[Records drawn from a dataset]
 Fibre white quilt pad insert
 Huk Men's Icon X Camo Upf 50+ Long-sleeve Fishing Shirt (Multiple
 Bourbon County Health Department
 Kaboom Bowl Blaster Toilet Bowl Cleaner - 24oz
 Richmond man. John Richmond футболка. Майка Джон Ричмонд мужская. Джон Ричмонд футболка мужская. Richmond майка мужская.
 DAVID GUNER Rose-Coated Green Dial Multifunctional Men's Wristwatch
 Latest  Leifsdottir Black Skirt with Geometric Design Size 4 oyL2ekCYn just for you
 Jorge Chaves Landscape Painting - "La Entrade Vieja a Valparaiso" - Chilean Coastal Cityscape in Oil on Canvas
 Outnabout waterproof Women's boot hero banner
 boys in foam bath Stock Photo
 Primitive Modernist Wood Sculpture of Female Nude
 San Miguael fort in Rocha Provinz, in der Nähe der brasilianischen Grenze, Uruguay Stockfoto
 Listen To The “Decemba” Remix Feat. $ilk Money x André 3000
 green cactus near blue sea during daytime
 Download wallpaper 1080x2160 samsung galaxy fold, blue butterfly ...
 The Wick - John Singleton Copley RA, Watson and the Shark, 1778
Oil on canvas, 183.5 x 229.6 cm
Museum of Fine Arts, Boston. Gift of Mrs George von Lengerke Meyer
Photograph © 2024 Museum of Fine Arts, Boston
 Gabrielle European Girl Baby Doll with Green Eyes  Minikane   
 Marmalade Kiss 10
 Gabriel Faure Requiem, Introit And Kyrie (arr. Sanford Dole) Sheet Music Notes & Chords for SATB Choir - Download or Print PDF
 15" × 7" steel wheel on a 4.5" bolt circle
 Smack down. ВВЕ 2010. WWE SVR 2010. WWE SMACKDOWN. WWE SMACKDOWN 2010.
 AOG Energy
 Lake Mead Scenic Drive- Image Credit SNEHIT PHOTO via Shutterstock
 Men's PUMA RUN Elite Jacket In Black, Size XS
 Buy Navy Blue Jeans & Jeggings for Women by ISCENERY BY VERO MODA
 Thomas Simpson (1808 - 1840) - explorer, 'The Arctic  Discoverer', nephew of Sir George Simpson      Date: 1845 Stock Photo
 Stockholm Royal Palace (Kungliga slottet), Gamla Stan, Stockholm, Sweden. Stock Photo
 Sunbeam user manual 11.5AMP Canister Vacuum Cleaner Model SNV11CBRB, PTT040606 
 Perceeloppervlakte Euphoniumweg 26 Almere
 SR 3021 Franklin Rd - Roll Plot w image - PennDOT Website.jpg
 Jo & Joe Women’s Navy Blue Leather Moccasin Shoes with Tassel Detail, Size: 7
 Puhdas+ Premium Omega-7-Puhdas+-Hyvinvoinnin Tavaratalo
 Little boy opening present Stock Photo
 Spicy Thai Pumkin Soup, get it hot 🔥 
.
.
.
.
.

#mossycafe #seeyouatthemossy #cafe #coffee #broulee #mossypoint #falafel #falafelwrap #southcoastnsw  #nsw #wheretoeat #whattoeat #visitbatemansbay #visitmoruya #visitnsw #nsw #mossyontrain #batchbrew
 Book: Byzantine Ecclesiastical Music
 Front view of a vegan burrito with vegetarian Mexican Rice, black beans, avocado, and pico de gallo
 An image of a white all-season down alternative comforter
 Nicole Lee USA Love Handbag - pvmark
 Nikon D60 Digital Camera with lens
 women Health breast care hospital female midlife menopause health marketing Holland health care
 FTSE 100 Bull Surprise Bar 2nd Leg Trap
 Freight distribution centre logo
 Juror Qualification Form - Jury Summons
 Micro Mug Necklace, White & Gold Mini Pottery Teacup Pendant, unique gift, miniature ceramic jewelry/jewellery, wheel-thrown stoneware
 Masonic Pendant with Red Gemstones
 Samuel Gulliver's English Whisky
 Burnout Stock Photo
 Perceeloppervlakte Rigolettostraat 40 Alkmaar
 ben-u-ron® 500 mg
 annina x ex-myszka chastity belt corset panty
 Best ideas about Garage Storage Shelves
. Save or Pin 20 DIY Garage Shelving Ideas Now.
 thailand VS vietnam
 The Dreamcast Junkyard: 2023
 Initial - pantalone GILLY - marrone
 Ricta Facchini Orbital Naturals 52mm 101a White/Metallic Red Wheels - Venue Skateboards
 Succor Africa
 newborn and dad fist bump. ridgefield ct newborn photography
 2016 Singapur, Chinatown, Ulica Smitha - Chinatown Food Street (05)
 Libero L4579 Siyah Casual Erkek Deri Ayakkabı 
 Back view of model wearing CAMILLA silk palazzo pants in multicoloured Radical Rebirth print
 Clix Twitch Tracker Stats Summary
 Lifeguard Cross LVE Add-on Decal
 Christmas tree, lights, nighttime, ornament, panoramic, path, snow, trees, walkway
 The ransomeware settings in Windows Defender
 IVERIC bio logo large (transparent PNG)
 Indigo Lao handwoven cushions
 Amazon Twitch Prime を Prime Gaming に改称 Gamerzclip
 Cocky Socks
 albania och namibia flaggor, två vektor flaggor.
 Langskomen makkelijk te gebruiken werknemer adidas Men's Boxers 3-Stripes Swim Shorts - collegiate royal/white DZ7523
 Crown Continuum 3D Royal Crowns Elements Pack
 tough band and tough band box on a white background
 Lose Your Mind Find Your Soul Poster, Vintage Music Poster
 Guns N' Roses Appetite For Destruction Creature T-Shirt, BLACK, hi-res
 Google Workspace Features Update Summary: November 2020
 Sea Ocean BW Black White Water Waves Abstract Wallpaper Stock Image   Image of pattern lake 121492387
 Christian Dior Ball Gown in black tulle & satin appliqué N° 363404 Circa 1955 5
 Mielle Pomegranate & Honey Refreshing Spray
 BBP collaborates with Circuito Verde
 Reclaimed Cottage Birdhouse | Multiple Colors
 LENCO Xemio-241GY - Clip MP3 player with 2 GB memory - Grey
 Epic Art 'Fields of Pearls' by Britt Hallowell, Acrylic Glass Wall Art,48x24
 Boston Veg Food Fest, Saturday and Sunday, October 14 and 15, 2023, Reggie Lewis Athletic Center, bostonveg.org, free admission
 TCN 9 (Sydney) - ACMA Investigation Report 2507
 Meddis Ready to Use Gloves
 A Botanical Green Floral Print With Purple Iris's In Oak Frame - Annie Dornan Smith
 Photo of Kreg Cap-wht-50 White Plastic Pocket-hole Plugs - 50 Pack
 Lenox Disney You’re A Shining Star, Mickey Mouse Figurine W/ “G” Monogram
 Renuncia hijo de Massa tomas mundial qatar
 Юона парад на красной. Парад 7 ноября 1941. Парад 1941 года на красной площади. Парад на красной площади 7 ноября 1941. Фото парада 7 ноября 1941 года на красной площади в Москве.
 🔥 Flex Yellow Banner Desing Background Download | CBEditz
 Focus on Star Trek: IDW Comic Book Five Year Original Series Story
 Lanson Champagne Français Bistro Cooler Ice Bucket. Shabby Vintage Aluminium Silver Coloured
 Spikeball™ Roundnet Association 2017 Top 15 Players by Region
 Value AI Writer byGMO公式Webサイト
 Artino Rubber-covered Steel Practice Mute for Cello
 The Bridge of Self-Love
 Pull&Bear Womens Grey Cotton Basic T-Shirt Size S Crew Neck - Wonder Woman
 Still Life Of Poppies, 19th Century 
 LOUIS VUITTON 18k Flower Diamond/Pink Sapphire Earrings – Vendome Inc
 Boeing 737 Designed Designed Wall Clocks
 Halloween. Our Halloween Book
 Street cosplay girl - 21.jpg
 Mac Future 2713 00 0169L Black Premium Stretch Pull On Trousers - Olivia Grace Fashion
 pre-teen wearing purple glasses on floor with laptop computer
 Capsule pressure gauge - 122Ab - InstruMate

§ DESCRIPTION OF THE TASK:
From the start of the data to the line that holds "DAVID GUNER Rose-Coated", retype each line exactly, with both ends included.

§ PROBLEM SOLUTION:
 Fibre white quilt pad insert
 Huk Men's Icon X Camo Upf 50+ Long-sleeve Fishing Shirt (Multiple
 Bourbon County Health Department
 Kaboom Bowl Blaster Toilet Bowl Cleaner - 24oz
 Richmond man. John Richmond футболка. Майка Джон Ричмонд мужская. Джон Ричмонд футболка мужская. Richmond майка мужская.
 DAVID GUNER Rose-Coated Green Dial Multifunctional Men's Wristwatch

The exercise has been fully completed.